To celebrate a 3-day weekend, we took a bus to Villa de Leyva. We’d been there before, in August, and loved it. Aaron did some hiking up to Iguaque with some friends and I walked around the lovely town, spending most of my time filling up on Vitamin C (fresh-squeezed orange juice) and Vitamin D (sun!) in this plaza.
The reason for the holiday was a tribute to a saint, so at one point, this wee parade sauntered by, with the children singing hymns.
What was I up to while Katie was taking in the city? Well, Caminates del Retorno had agreed to take myself, Anne, and Mary Catherine (possibly my two favorite people in Bogota) out to Iguaque, a preserve located about a hour outside of Villa de Leyva. I had been trying to get there for awhile because I had seen an article on it in El Tiempo and really wanted to check it out. Early in the morning we woke in Villa to get some breakfast and pick up some lunch from an open air restaurant called Van Gogh’s Patio. It would be a sweet spot to hang out on a sunny day, just couches on a lawn with paintings hanging from the fence that surrounds it. The biggest draw for us was a rabbit that hopped around begging for lettuce, I was scared of it, but Mary Catherine and Anne got it to pose for pictures with them (until they saw a flea).
We had spent too much time with the rabbit because we got back to the hotel for the pickup late and got withering looks from all the Bogotanos, oops (awkward that the Protestant, Germanic, Capitalists, would be late, no?). The trip to the park was quick and bumpy in an open air jeep that screeched with disapproval at every turn.

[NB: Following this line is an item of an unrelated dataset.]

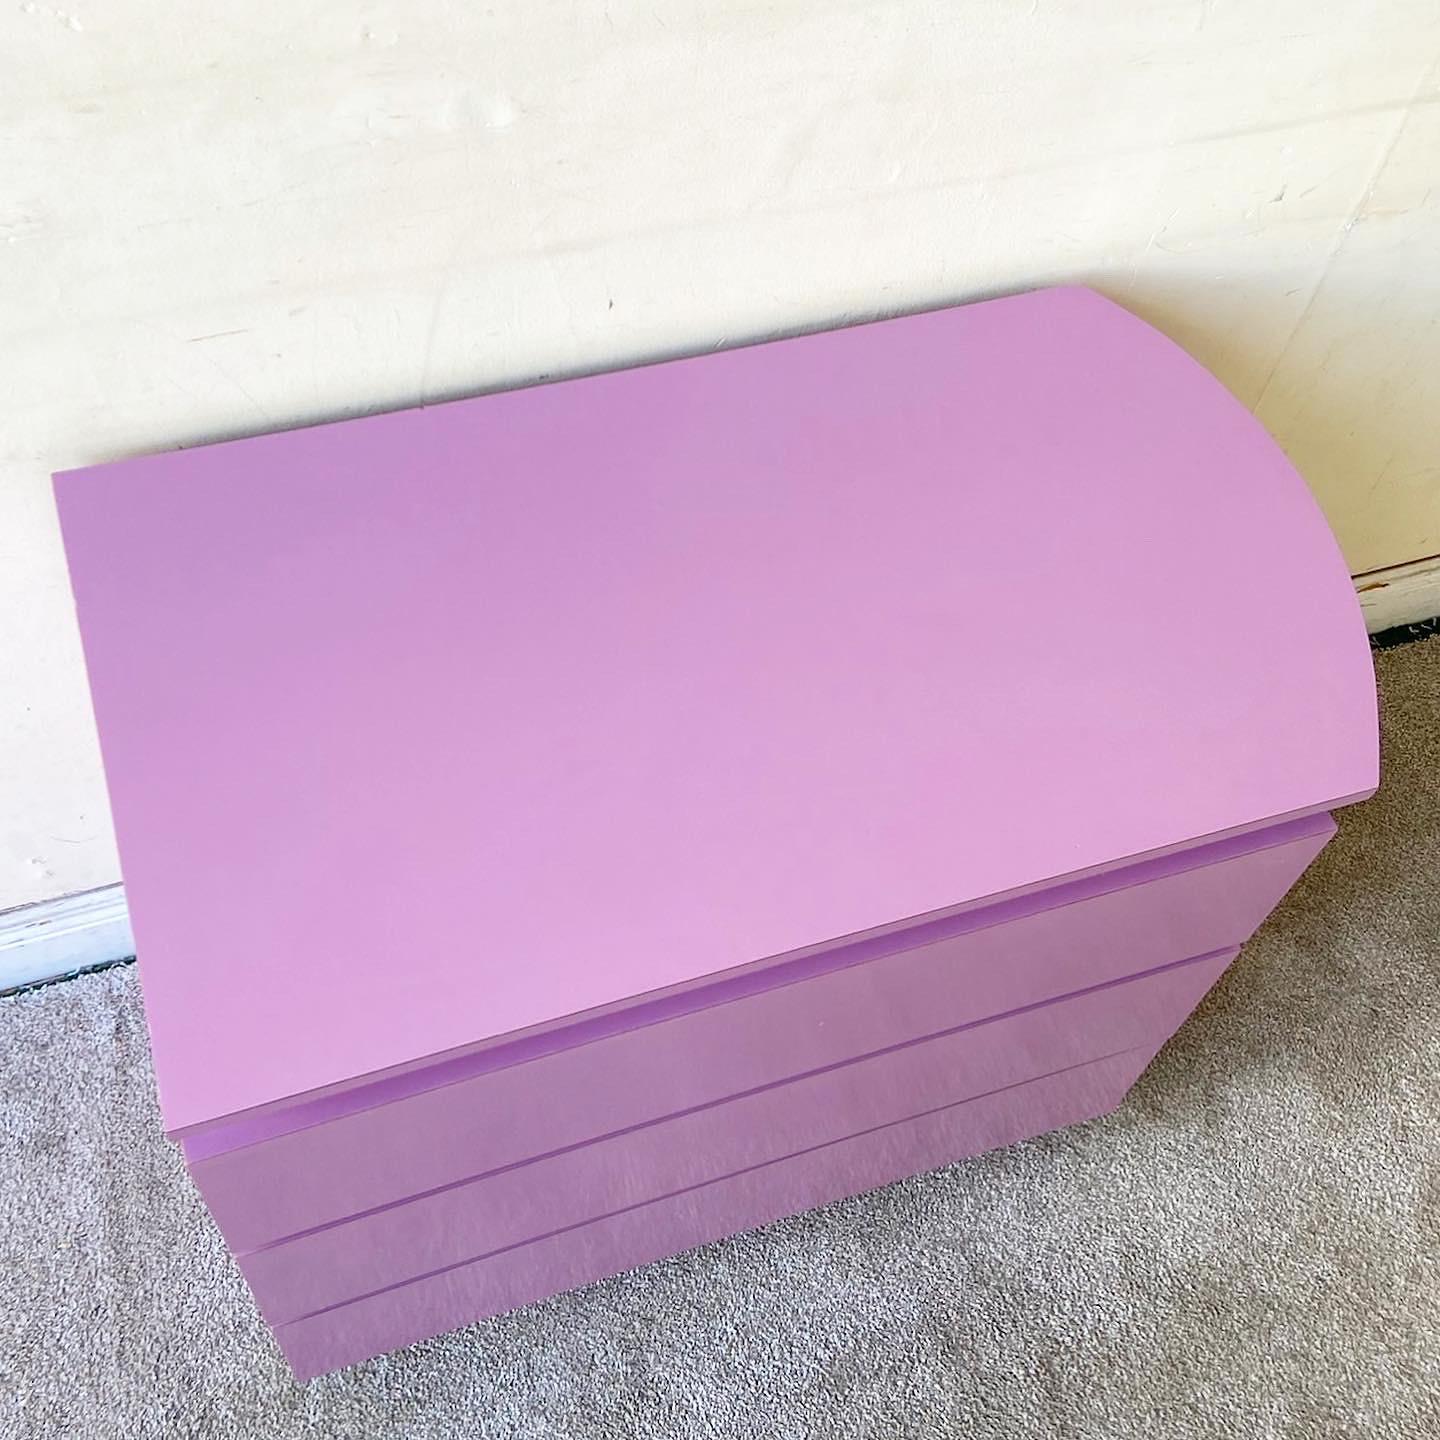 Incredible vintage Postmodern chest of drawers. Features a purple lacquer laminate with three large spacious drawers.

The hike started with a walk through a creepy looking forest, lots of moss and crumply looking trees. I pushed on the early part because it felt good to be sweaty and out of breath. As the forest broke the rain started and I got to try out my rain gear I had purchased for the Amazon, perfect. We also had reached the Paramo.
The Paramo means several things, we had reached about 10,000 feet and there would no longer be trees to help support me if you needed a hand hold. Also, there would be lots of wind to push the rain horizontally in to my face. Those are the negatives. The positives are that the vistas would be amazing, whole mountain ranges, granite walls, and the interesting quilt work of the Colombian country side. There is little space in Colombia that doesn’t belong to someone and in the country side there are large squares of property, usually for cows, surrounded by a thin line of trees to mark property lines. When you are on a mountain you can see 50 latifundias (big farms) spread over several miles, each one a light green square bordered by dark green trees, the biggest quilt in the world.

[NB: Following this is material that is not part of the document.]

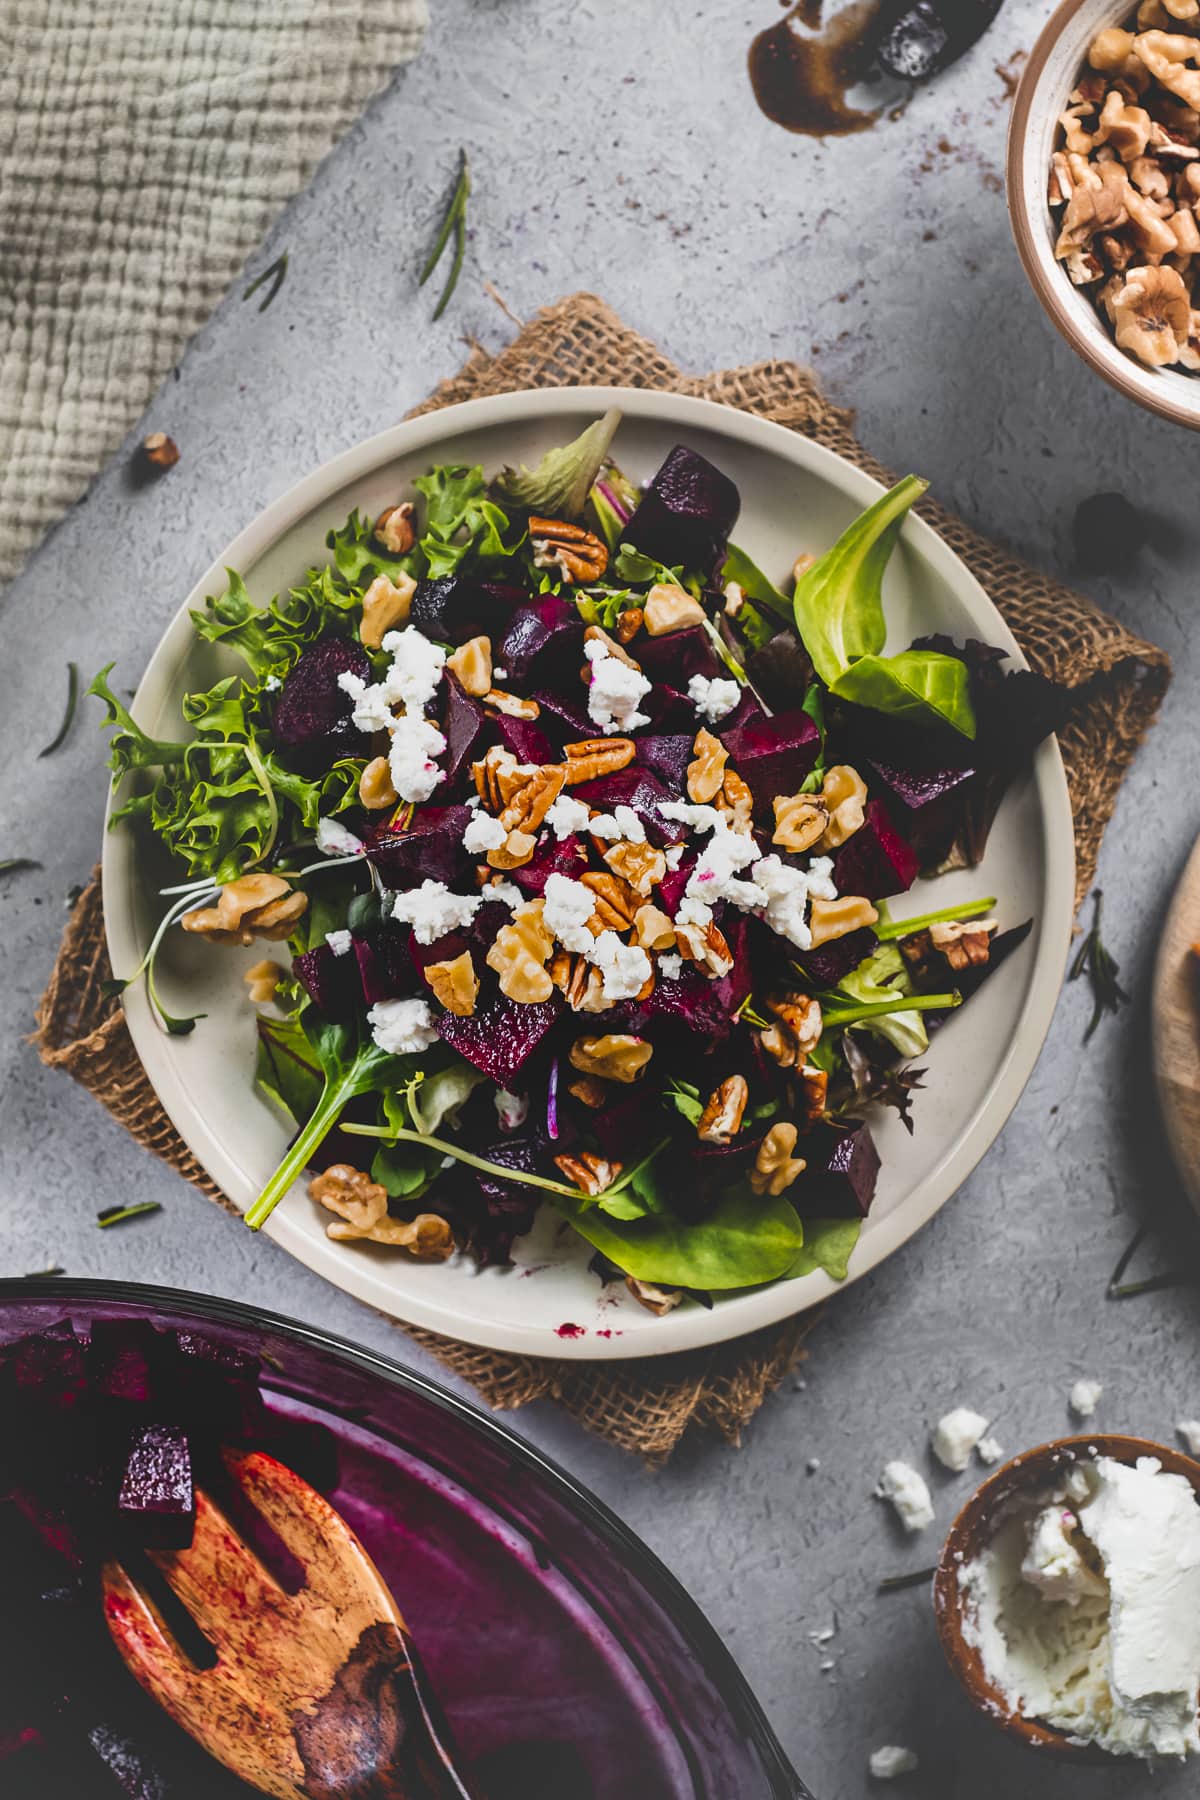 A plate of salad greens topped with roasted balsamic beets, soft goat cheese, walnuts and pecans.

The trail immediately went up, straight up for a 1000 foot climb to the first lake, a lake that the Muisca believe was the birthplace of civilization. Because we had been late, the guides were pushing, there was a second lake about a 3 hour trip away. Once we reached the lake, Iguaque, the guides said, “Who wants to go to the second lake, because Aaron really wants to.” Yikes, I kinda wanted to go, but looking at the stiff climb up from the lake I wasn’t so sure. Of course, no volunteers so it was just me and the guides, who have blood oxygen levels like Incan runners. They took off and I clambered after. Twice I asked them to just leave me, but like the champions that they are, they wouldn’t let me quit. At the end of it all, I made it to the second lake, Empedrada. A beautiful little oval that sat at the bottom of a 1500 foot wall of lush vegetation. Was it worth it? Like always, it was. It wasn’t fun, but who says it has to be fun, to have fun.